How much heat is necessary to change 30 g of ice at -20°C into water at 20°C?
c(ice)= 2 060 J/kg•degr
c(water)= 4180 J/kg•degr
λ = 335000 J/kg
Q=Q1+Q2+Q3
Q1=m•c(ice) •ΔT= 0.03•2060 • 20 =1236 J.
Q2=λm=335000•0.03=10050 J
Q3 = m•c(water) •ΔT=0.03•4180•20=2508 J
Q=1236+10050+2508 =13794 J
To determine the amount of heat required to change a given substance from one state to another, we need to understand the concept of heat transfer and use the specific heat capacity formula.
First, we need to break down the process into two steps:
1. Heating the ice from -20°C to 0°C (phase change from solid to liquid).
2. Heating the water from 0°C to 20°C (temperature change within the liquid state).

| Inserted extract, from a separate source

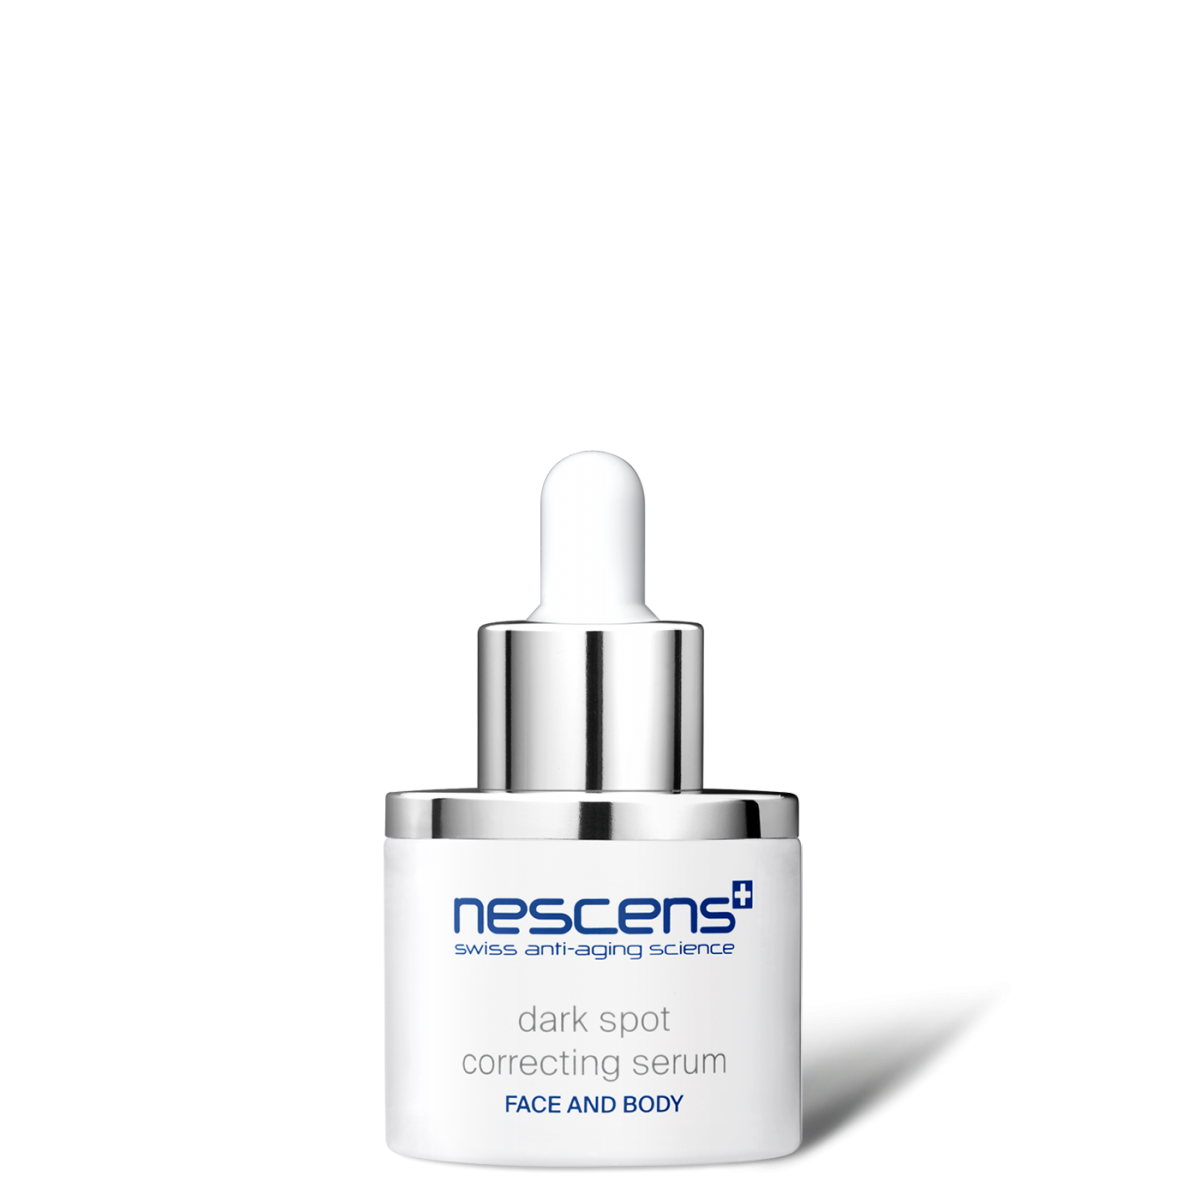 The Dark Spot Correcting Serum: pigmentary spots are faded, the uniformity and clarity of the tissues are restored

Step 1: Heating the ice to 0°C
To calculate the heat required to raise the temperature of the ice, we use the formula:
Q = m * c * ΔT
Where:
Q = heat transferred (in Joules)
m = mass of the substance (in grams)
c = specific heat capacity of the substance (in J/g°C)
ΔT = change in temperature
The specific heat capacity of ice is approximately 2.09 J/g°C. Therefore, to raise the temperature of the ice from -20°C to 0°C:
Q1 = 30 g * 2.09 J/g°C * (0°C - (-20°C))
Q1 = 30 g * 2.09 J/g°C * 20°C
Q1 = 1254 J
Step 2: Heating the water to 20°C
To calculate the heat required to heat the water from 0°C to 20°C, we again use the formula:
Q = m * c * ΔT
The specific heat capacity of water is approximately 4.18 J/g°C. Therefore, to raise the temperature of the water from 0°C to 20°C:
Q2 = 30 g * 4.18 J/g°C * (20°C - 0°C)
Q2 = 30 g * 4.18 J/g°C * 20°C
Q2 = 2510 J
Now, to find the total heat required for the whole process, we sum up Q1 and Q2:
Total heat = Q1 + Q2
Total heat = 1254 J + 2510 J
Total heat = 3764 J
Therefore, approximately 3764 Joules of heat is required to change 30 g of ice at -20°C into water at 20°C.
To determine the amount of heat necessary to change ice at -20°C into water at 20°C, we need to consider three steps:
1. Heating the ice from -20°C to 0°C to melt it
2. Adding heat to the water at 0°C to bring it to 100°C
3. Heating the water from 100°C to 20°C
Each step requires a specific amount of heat.
Step 1: Heat required to melt the ice
The heat required to melt the ice can be calculated using the formula:
Q = m * L_f
where:
Q = heat energy (in Joules)
m = mass of the ice (in grams)
L_f = latent heat of fusion (in Joules/gram)
The latent heat of fusion for ice is approximately 334 J/g.
Q1 = 30 g * 334 J/g = 10,020 J
Step 2: Heat required to go from 0°C to 100°C
The heat required to raise the temperature of water is calculated using the formula:
Q = m * c * ΔT
where:
Q = heat energy (in Joules)
m = mass of the water (in grams)
c = specific heat capacity of water (approximately 4.18 J/g°C)
ΔT = change in temperature (in °C)
In this case, the change in temperature is from 0°C to 100°C.
Q2 = 30 g * 4.18 J/g°C * (100°C - 0°C) = 12,540 J
Step 3: Heat required to go from 100°C to 20°C
Using the same formula as in step 2, we calculate the heat required for this step.
Q3 = 30 g * 4.18 J/g°C * (20°C - 100°C) = -18,864 J (negative sign indicates heat is released)
Total heat required:
To find the total heat required to change the ice at -20°C into water at 20°C, we sum up the three steps:
Total heat = Q1 + Q2 + Q3
Total heat = 10,020 J + 12,540 J - 18,864 J
Total heat = 3,696 J
Therefore, approximately 3,696 Joules of heat is needed to change 30 grams of ice at -20°C into water at 20°C.